*What a great topic. Nice photos, too.
https://www.wired.com/rawfile/2013/03/dillon-marsh-invasive-species/
"With the rapid and lucrative growth in the smartphone industry, we’re always told that the world is in our hands. But the infrastructure of that world is not always as seamless as we would like. A sprawling web of infrastructure, made up of towers, buried fiber optics and orbiting satellites, sometimes encroaches in garish and inconvenient ways.
"South African photographer Dillon Marsh‘s compact photo series (all 12 Invasive Species images featured here) is a meditation on the weird, and small, variations of design in tree cellphone towers.
" “In certain cases the disguised towers might not be noticed,” says Marsh. “But then an undisguised tower might not have been noticed either.”
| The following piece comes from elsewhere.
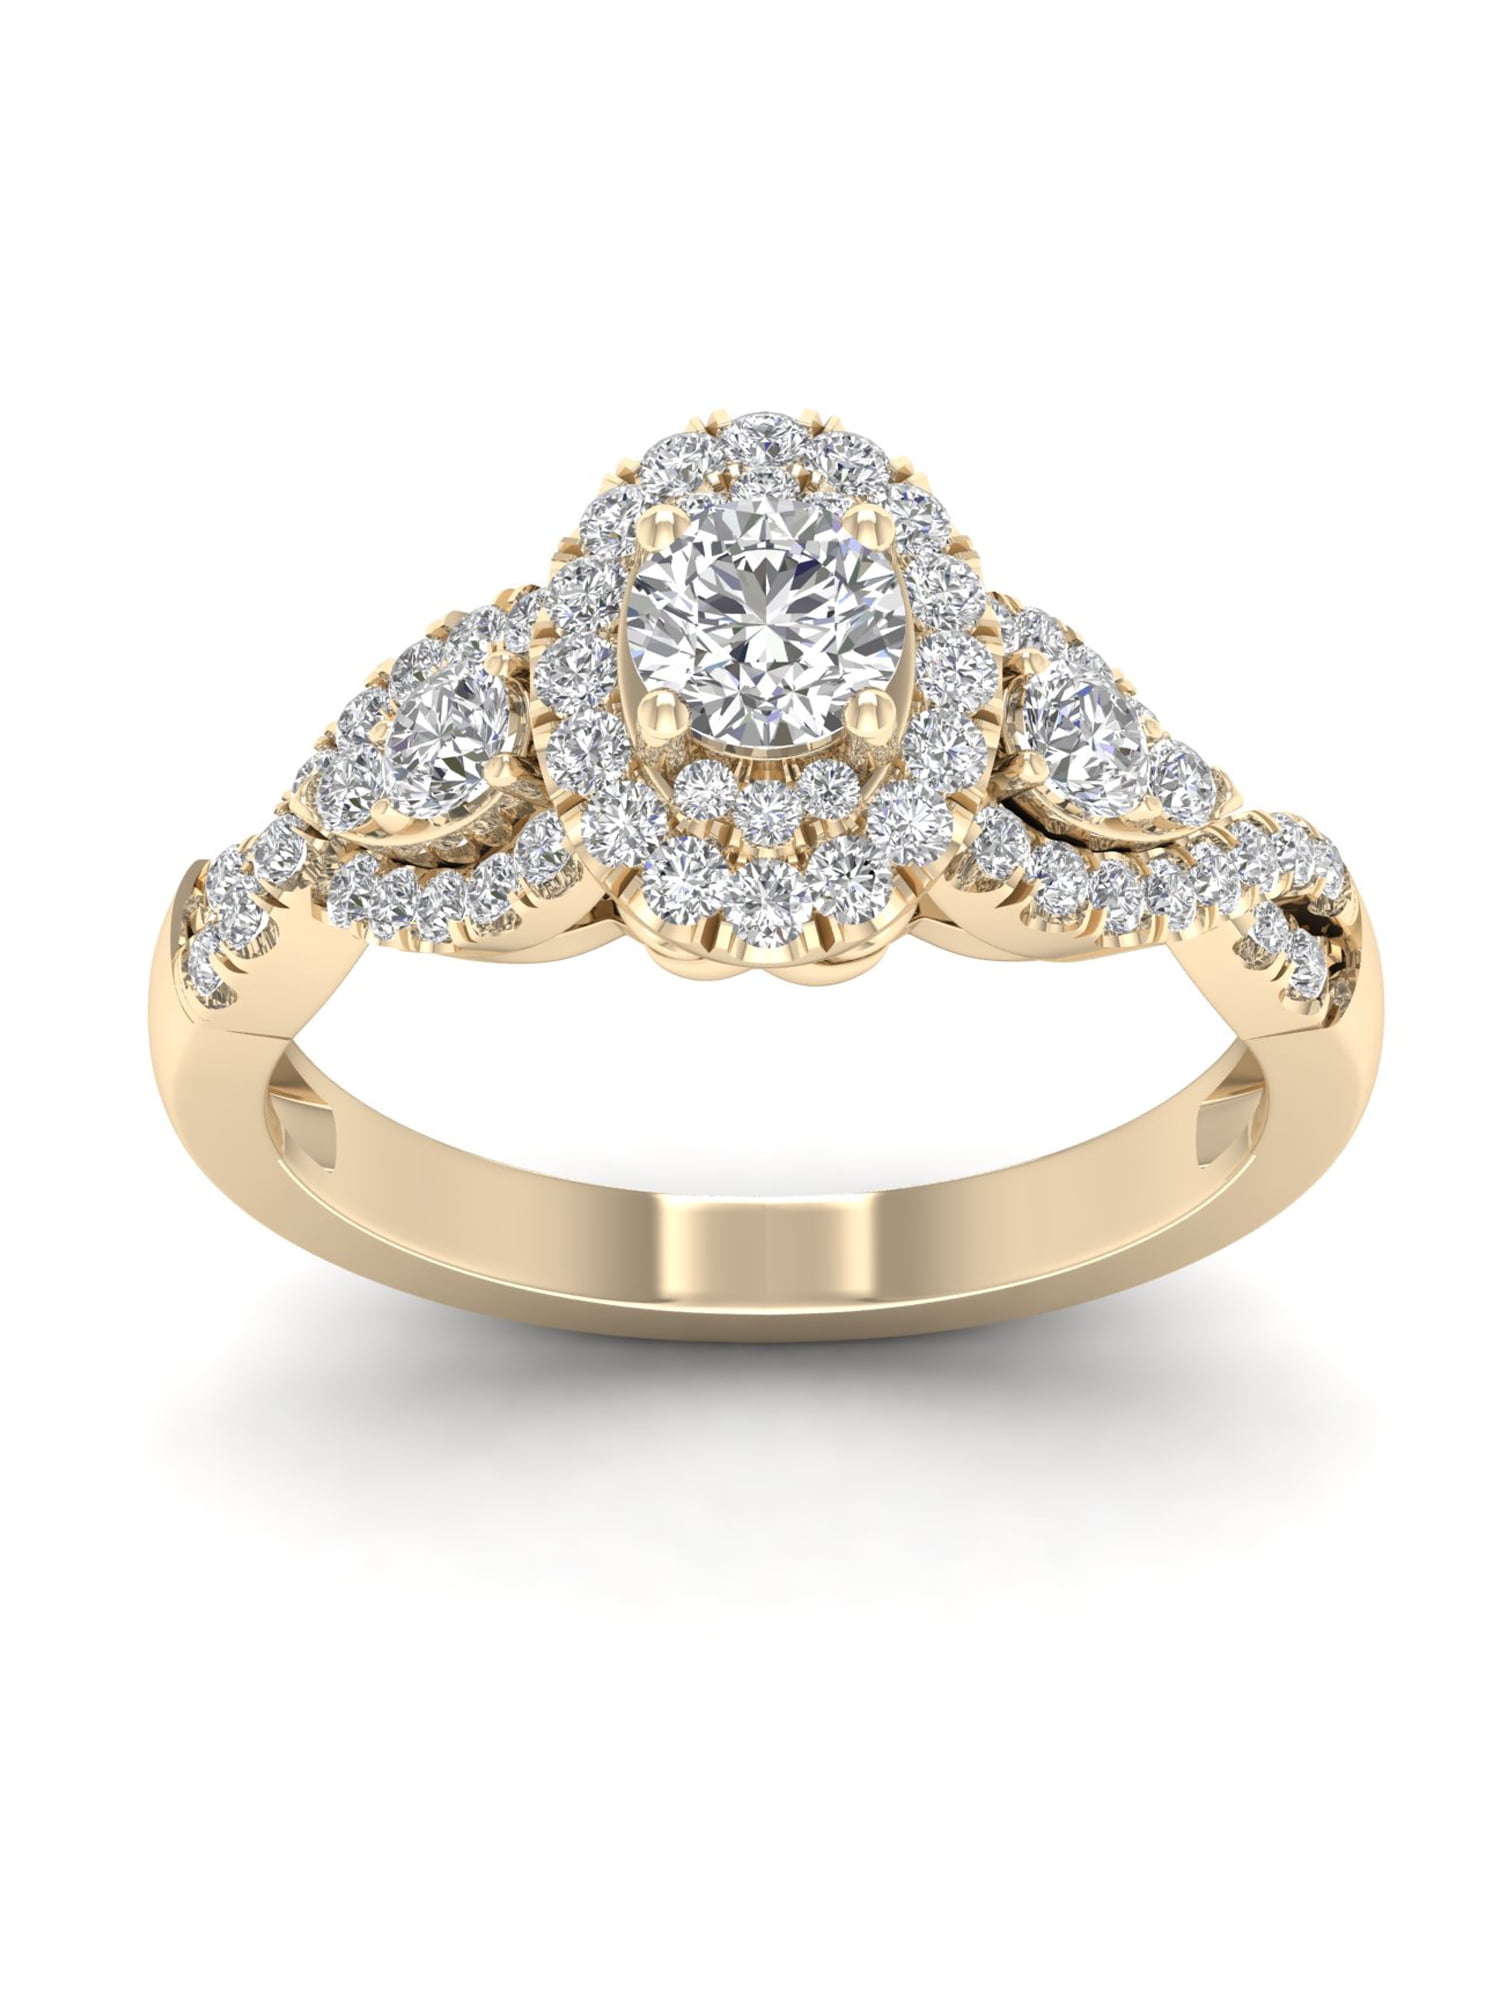 Enter Raffle to Win 3ct Moissanite Ring hosted by Dazzling Delights

"An important chapter in the history of tree-shaped cellphone towers was written in South Africa. In the mid-’90s, Ivo Branislav Lazic (who worked for a telecommunications service company called Brolaz Projects) and his colleague Aubrey Trevor Thomas were commissioned by Vodacom to solve the visual pollution problem cellphones presented.
"Lazic and Thomas came up with the world’s first palm tree cellphone tower. The Palm Pole Tower, made from non-toxic plastics, was installed in Cape Town in 1996...."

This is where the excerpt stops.